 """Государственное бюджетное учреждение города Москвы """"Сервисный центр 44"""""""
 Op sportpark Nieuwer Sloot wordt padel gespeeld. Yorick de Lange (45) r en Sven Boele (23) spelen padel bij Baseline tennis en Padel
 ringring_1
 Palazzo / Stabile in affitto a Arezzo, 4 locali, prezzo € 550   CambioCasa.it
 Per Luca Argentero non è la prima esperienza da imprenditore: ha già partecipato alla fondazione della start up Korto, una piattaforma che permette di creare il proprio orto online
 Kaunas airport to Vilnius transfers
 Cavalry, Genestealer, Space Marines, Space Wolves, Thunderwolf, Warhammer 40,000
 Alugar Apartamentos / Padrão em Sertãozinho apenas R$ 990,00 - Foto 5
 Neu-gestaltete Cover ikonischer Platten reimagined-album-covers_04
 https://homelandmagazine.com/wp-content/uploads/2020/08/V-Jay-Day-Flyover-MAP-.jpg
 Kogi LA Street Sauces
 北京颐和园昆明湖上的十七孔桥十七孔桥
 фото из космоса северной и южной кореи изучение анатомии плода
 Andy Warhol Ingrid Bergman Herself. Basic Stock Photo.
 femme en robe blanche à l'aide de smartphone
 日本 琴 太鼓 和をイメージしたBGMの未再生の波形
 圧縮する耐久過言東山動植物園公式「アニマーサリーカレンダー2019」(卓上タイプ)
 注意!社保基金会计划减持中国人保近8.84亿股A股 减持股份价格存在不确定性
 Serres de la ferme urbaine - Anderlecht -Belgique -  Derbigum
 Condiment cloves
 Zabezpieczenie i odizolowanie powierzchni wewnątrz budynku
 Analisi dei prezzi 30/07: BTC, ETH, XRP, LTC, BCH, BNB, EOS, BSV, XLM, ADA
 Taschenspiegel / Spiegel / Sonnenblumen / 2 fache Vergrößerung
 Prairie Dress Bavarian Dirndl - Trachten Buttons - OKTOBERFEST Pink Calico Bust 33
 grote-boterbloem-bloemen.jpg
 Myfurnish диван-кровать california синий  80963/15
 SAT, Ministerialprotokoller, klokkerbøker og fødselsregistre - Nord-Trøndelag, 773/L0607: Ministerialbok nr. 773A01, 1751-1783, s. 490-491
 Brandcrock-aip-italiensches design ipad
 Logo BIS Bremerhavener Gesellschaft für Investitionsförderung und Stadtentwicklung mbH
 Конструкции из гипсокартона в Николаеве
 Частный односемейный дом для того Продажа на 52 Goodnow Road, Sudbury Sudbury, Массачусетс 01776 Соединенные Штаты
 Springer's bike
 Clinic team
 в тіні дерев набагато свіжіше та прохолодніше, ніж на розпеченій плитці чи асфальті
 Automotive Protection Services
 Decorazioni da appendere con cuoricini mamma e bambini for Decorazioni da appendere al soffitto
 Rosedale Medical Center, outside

• • •

Exercise details:
Since the material above must be kept intact, output it exactly as it is.

Solution below:
 """Государственное бюджетное учреждение города Москвы """"Сервисный центр 44"""""""
 Op sportpark Nieuwer Sloot wordt padel gespeeld. Yorick de Lange (45) r en Sven Boele (23) spelen padel bij Baseline tennis en Padel
 ringring_1
 Palazzo / Stabile in affitto a Arezzo, 4 locali, prezzo € 550   CambioCasa.it
 Per Luca Argentero non è la prima esperienza da imprenditore: ha già partecipato alla fondazione della start up Korto, una piattaforma che permette di creare il proprio orto online
 Kaunas airport to Vilnius transfers
 Cavalry, Genestealer, Space Marines, Space Wolves, Thunderwolf, Warhammer 40,000
 Alugar Apartamentos / Padrão em Sertãozinho apenas R$ 990,00 - Foto 5
 Neu-gestaltete Cover ikonischer Platten reimagined-album-covers_04
 https://homelandmagazine.com/wp-content/uploads/2020/08/V-Jay-Day-Flyover-MAP-.jpg
 Kogi LA Street Sauces
 北京颐和园昆明湖上的十七孔桥十七孔桥
 фото из космоса северной и южной кореи изучение анатомии плода
 Andy Warhol Ingrid Bergman Herself. Basic Stock Photo.
 femme en robe blanche à l'aide de smartphone
 日本 琴 太鼓 和をイメージしたBGMの未再生の波形
 圧縮する耐久過言東山動植物園公式「アニマーサリーカレンダー2019」(卓上タイプ)
 注意!社保基金会计划减持中国人保近8.84亿股A股 减持股份价格存在不确定性
 Serres de la ferme urbaine - Anderlecht -Belgique -  Derbigum
 Condiment cloves
 Zabezpieczenie i odizolowanie powierzchni wewnątrz budynku
 Analisi dei prezzi 30/07: BTC, ETH, XRP, LTC, BCH, BNB, EOS, BSV, XLM, ADA
 Taschenspiegel / Spiegel / Sonnenblumen / 2 fache Vergrößerung
 Prairie Dress Bavarian Dirndl - Trachten Buttons - OKTOBERFEST Pink Calico Bust 33
 grote-boterbloem-bloemen.jpg
 Myfurnish диван-кровать california синий  80963/15
 SAT, Ministerialprotokoller, klokkerbøker og fødselsregistre - Nord-Trøndelag, 773/L0607: Ministerialbok nr. 773A01, 1751-1783, s. 490-491
 Brandcrock-aip-italiensches design ipad
 Logo BIS Bremerhavener Gesellschaft für Investitionsförderung und Stadtentwicklung mbH
 Конструкции из гипсокартона в Николаеве
 Частный односемейный дом для того Продажа на 52 Goodnow Road, Sudbury Sudbury, Массачусетс 01776 Соединенные Штаты
 Springer's bike
 Clinic team
 в тіні дерев набагато свіжіше та прохолодніше, ніж на розпеченій плитці чи асфальті
 Automotive Protection Services
 Decorazioni da appendere con cuoricini mamma e bambini for Decorazioni da appendere al soffitto
 Rosedale Medical Center, outside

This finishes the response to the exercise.